Work instruction
Taking the line with "199488d9b60 camiseta argentina" as the first and the line with "警方調閱車手提領贓款的畫面。記者林伯驊/翻攝" as the last, set down the lines below exactly, pictures excluded.

Data for this exercise
· · · · ·
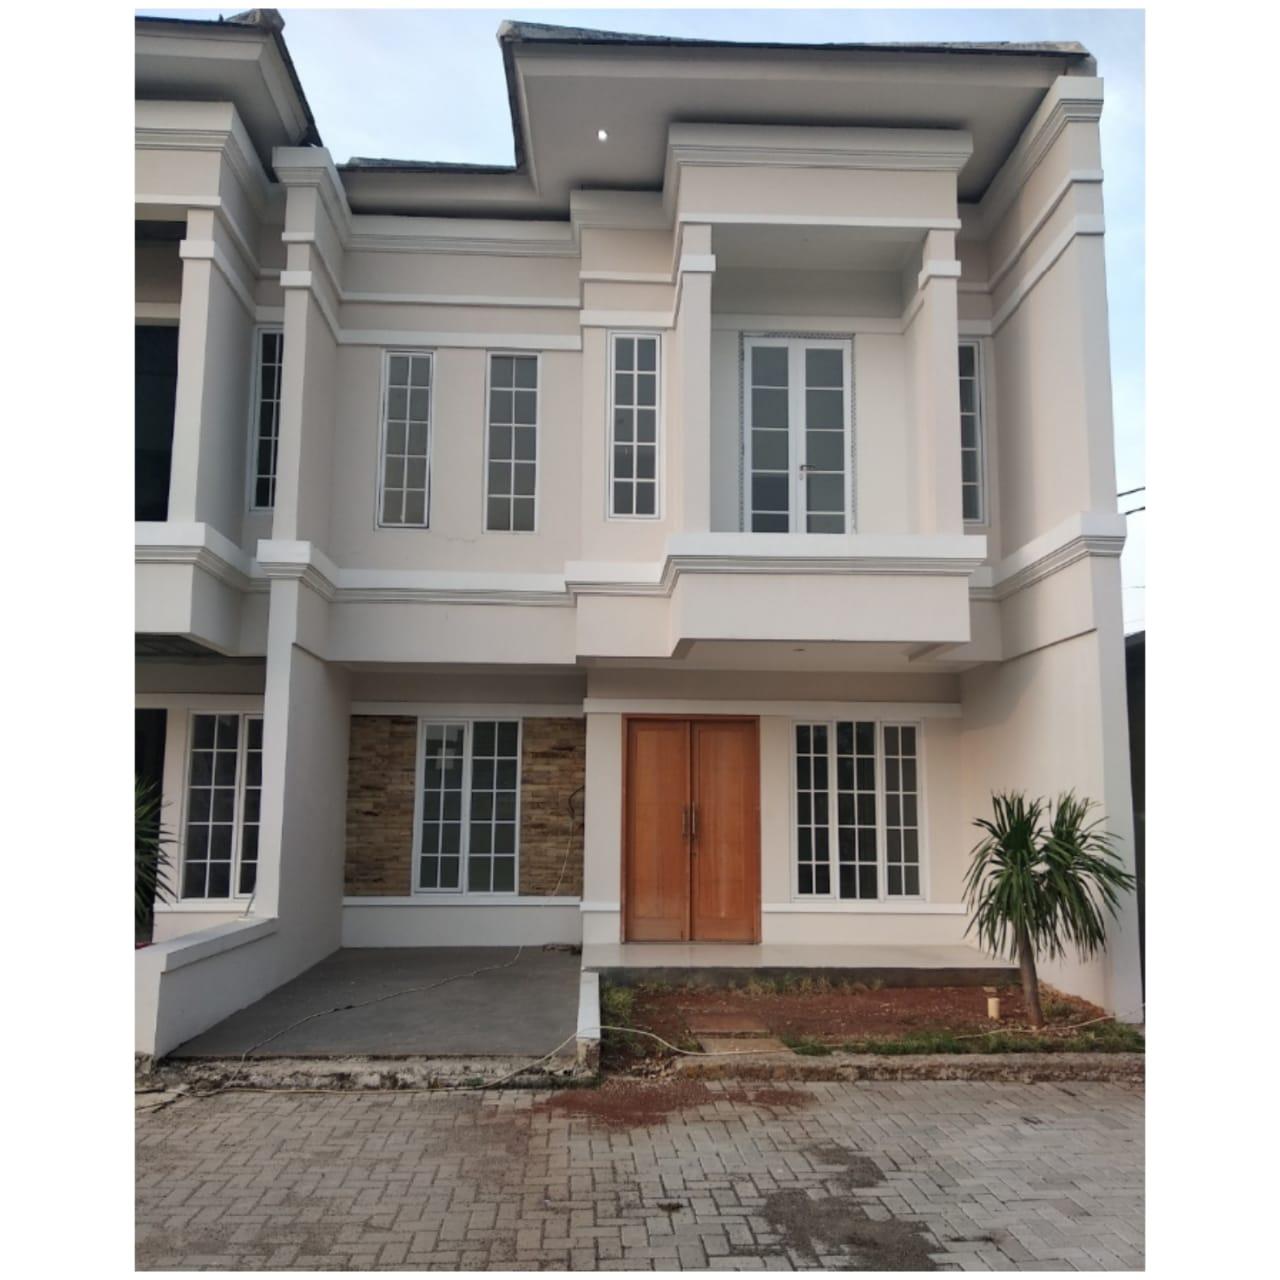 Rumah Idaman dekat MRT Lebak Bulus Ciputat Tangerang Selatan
· · · · ·
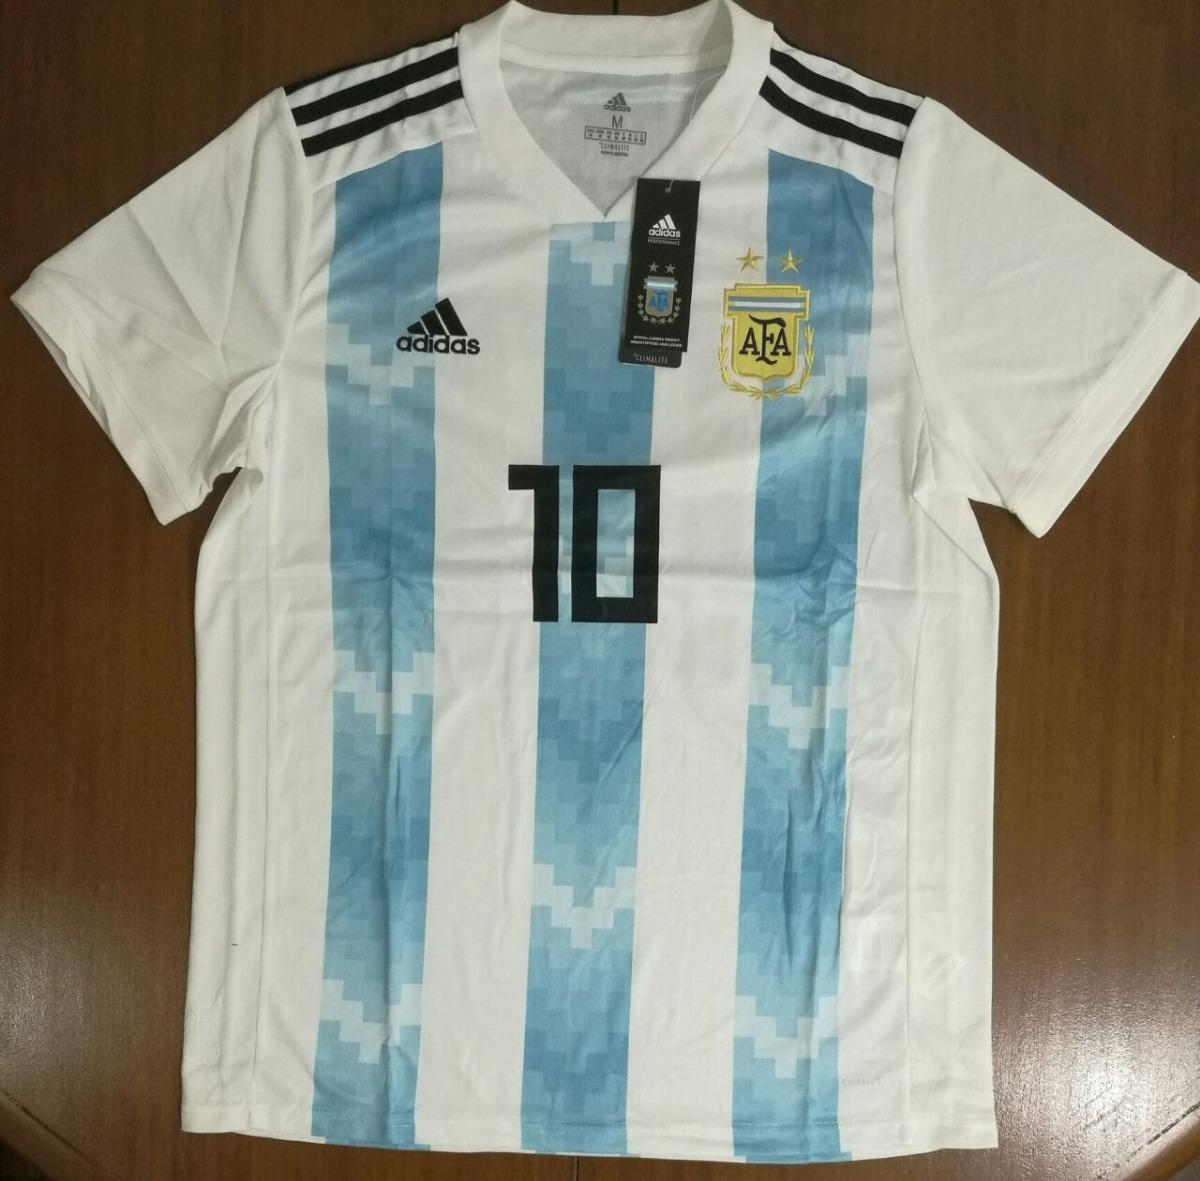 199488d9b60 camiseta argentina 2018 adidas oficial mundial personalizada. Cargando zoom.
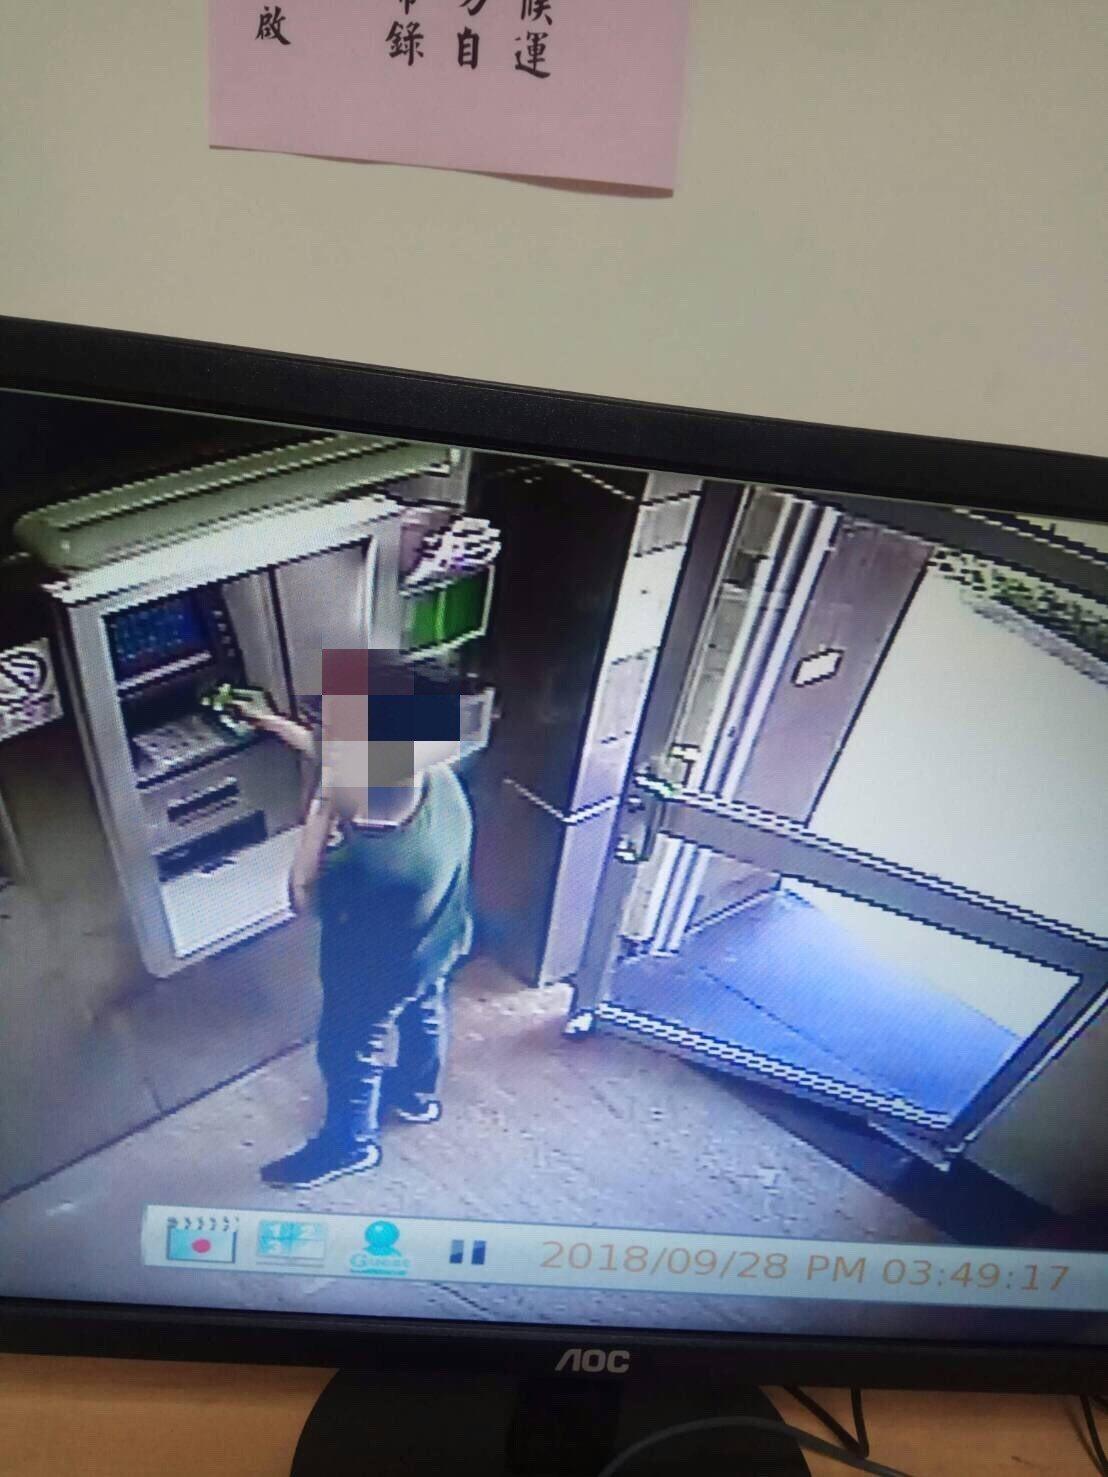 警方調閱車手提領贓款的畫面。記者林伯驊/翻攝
· · · · ·
Answer below
 199488d9b60 camiseta argentina 2018 adidas oficial mundial personalizada. Cargando zoom.
 警方調閱車手提領贓款的畫面。記者林伯驊/翻攝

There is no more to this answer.